I'm at the Polar King in Gresham, just outside of Portland. You don't have to get too far out of Portland to be “out of town.” There are little buildups of civilization by the side of the highway, but I don't know if you'd call it a town, unless you consider a strip mall a downtown. It's amazing how driving for a few minutes takes you to a cultural another world. It's all Middle-America—everywhere that's not the very urbanist urban. And in Portland it's just a few block area—you can walk it—and outside that little oasis where they're challenged to make good coffee, and the waitstaff can get away with unusual body piercings, you get to Middle-America—bad coffee, bad grammar, non-dairy creamer, TV culture. This is a great place—an old, probably post-war diner or hamburger joint, fixed up probably in the 80s—ruined, really, but time has done its job and put some personality back into it, with its forces of decay and the mellowness that comes from day in and out use. To everyone here it's just a restaurant, but to me it's an interesting artwork, one that changes with time, and even though it was once almost a (DQ or something?) (after the remodel)—now it's interesting again.

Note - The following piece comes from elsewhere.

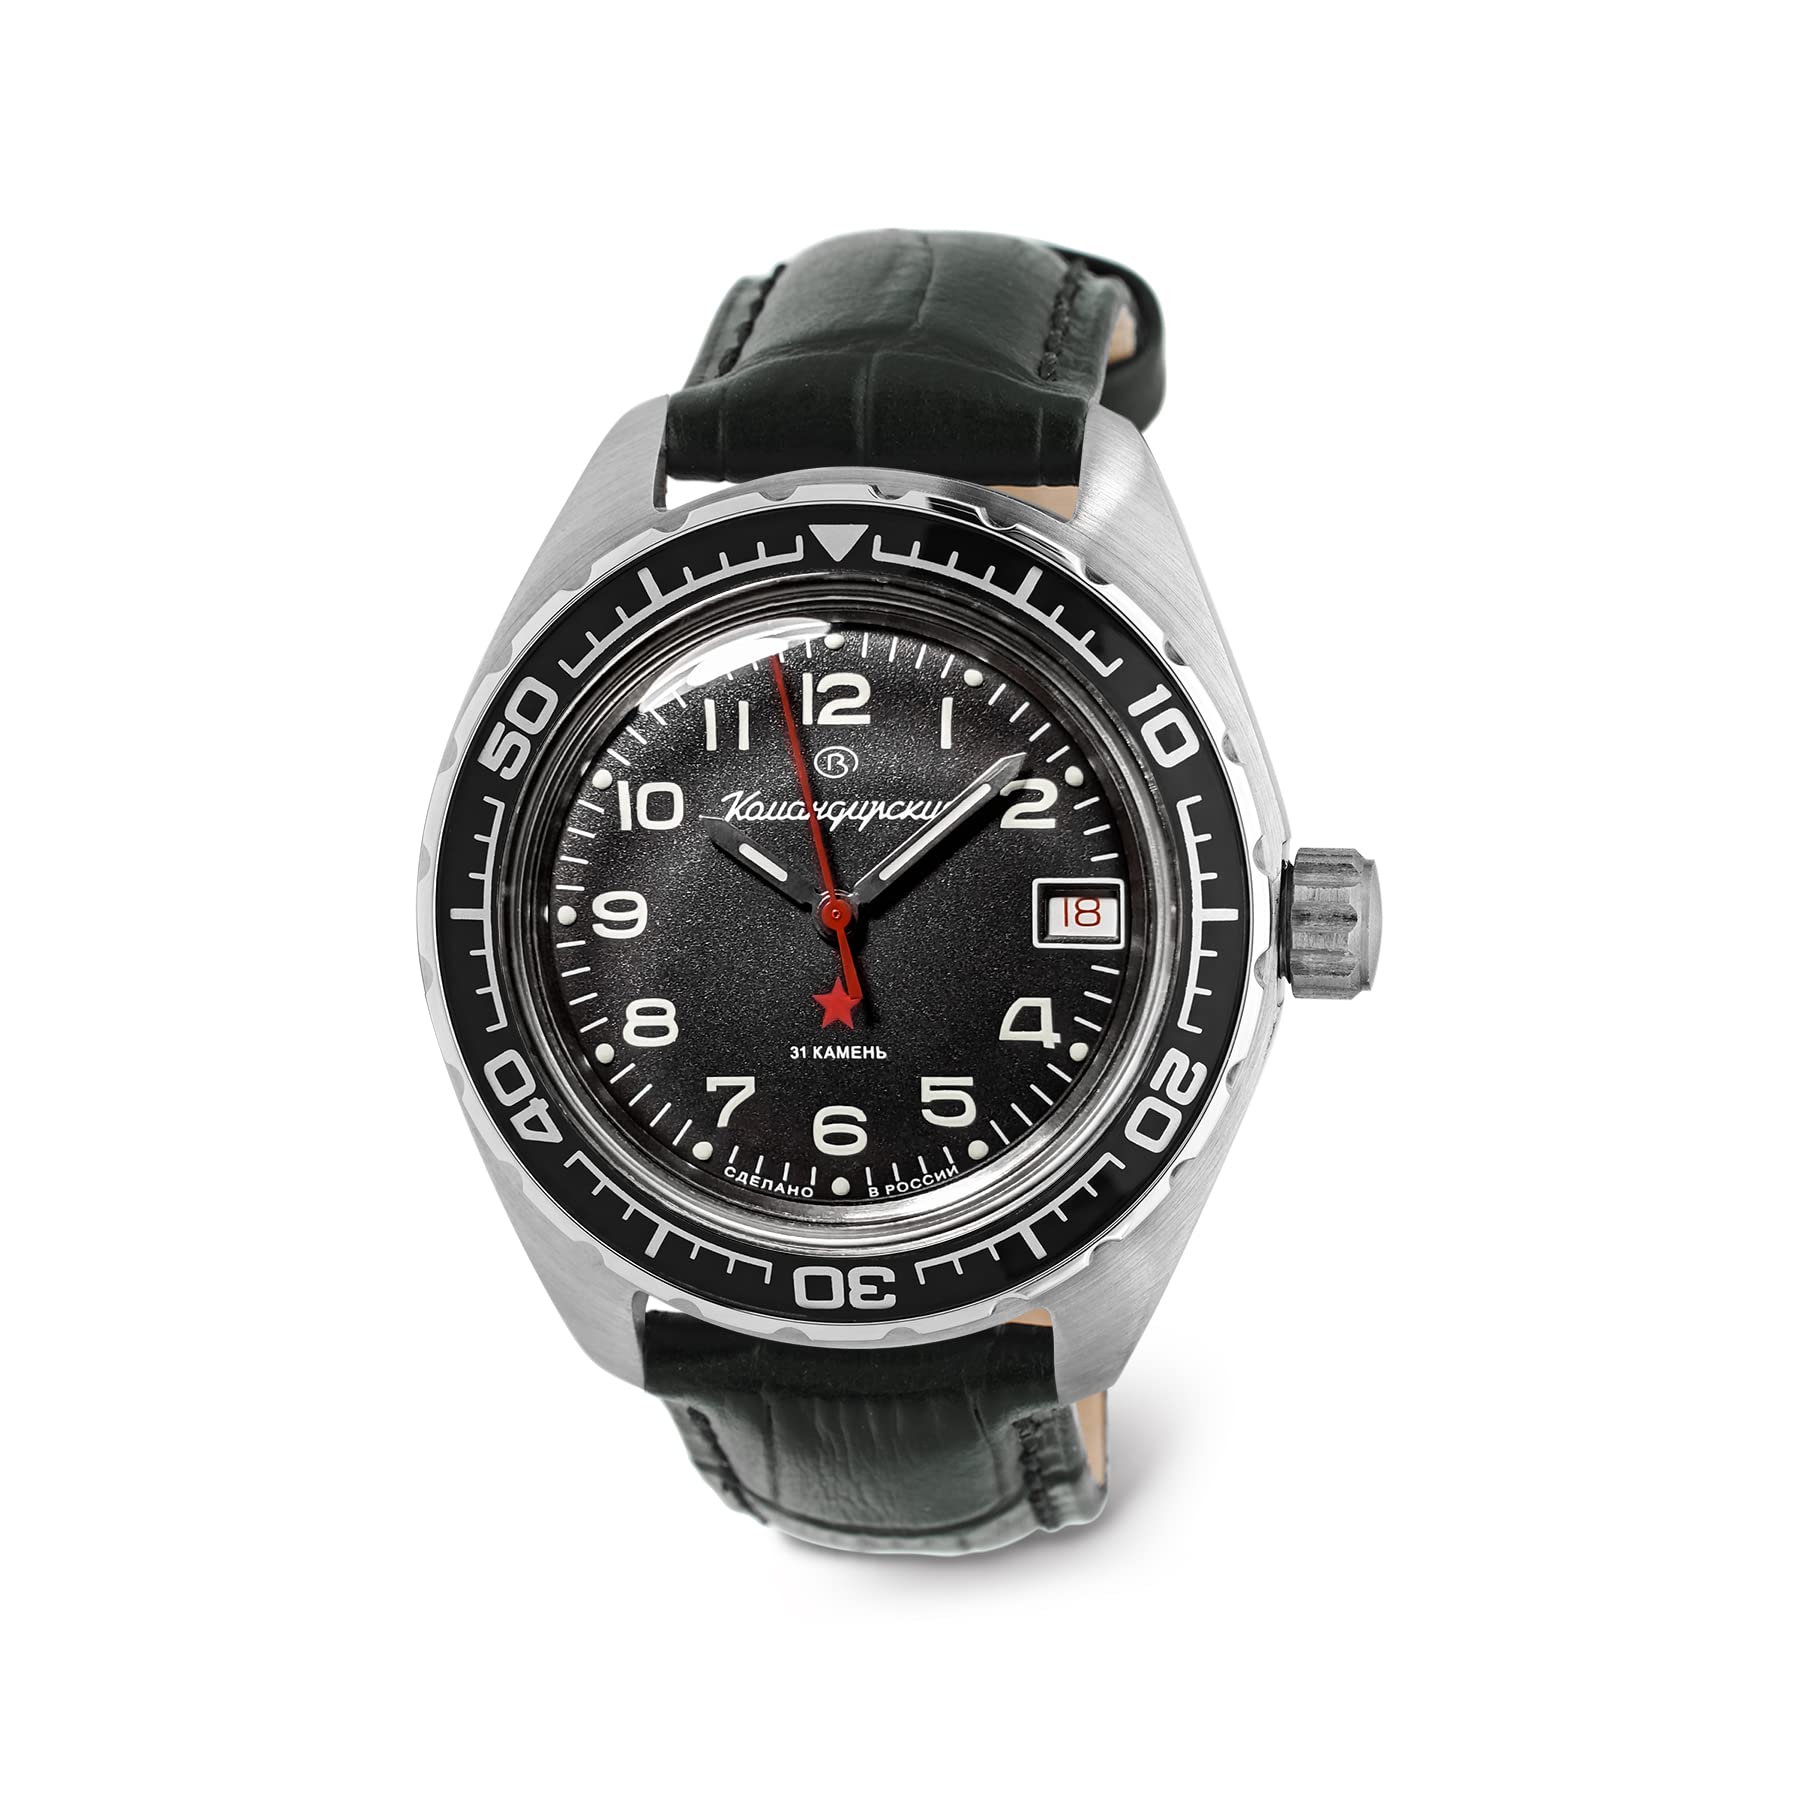 VOSTOK Komandirskie K-02 Automatic Self-Winding Russian Military Diver Wrist Watch WR 200 m Fashion Business Casual

Like I was saying, back when I was trying to recover, and backpedal (does the word “backpedal” come from the bicycle world?—certainly it must not—as you can't backpedal a bicycle—with ten speeds, or whatever they are now—28 speeds—you can pedal backwards, but the gears are not engaged unless it's forward—you can't ride backwards anyway—maybe it's just “ped” as in walk—pedaling meaning walking, then, and backpedaling meaning retreating—look this up).

Places like this, as much as I like them, freak me out because they have all women working at them (unless there is a man owner present). Only women working, and all men customers. I mean, totally only 100% men in here. This is total, without exception. All women working. All men customers. I must admit, that kind of freaks me out.

As I'm leaving I see a big family with a couple of young women and one older one—so it's not absolutely true. And then I see the oddest thing of all (this place is quite busy). There's a woman leaving, paying at the register (she was here, somewhere, the same time I was)—a woman by herself! A middle-aged woman who looks neither to be a mess or all completely together. Someone who may be an alcoholic, or maybe a recovering alcoholic. Definitely not one of those scary perfect businesswomen from Mars. But someone who looks really self-sufficient, independent, I don't know, pretty together, but not too much, you know. I mean, her just being here, at a place where like no women come in, for breakfast, anyway, especially by themselves—that makes her essentially—I mean she was just a human being on Planet Pod, and for that reason I would have really liked to talk to her, but until I get to the interview portion of this project (which I just made up just now) I won't be able to do anything like that—and I need some kind of journalistic credibility to do that—more than just a fake press card—I need a good reputation.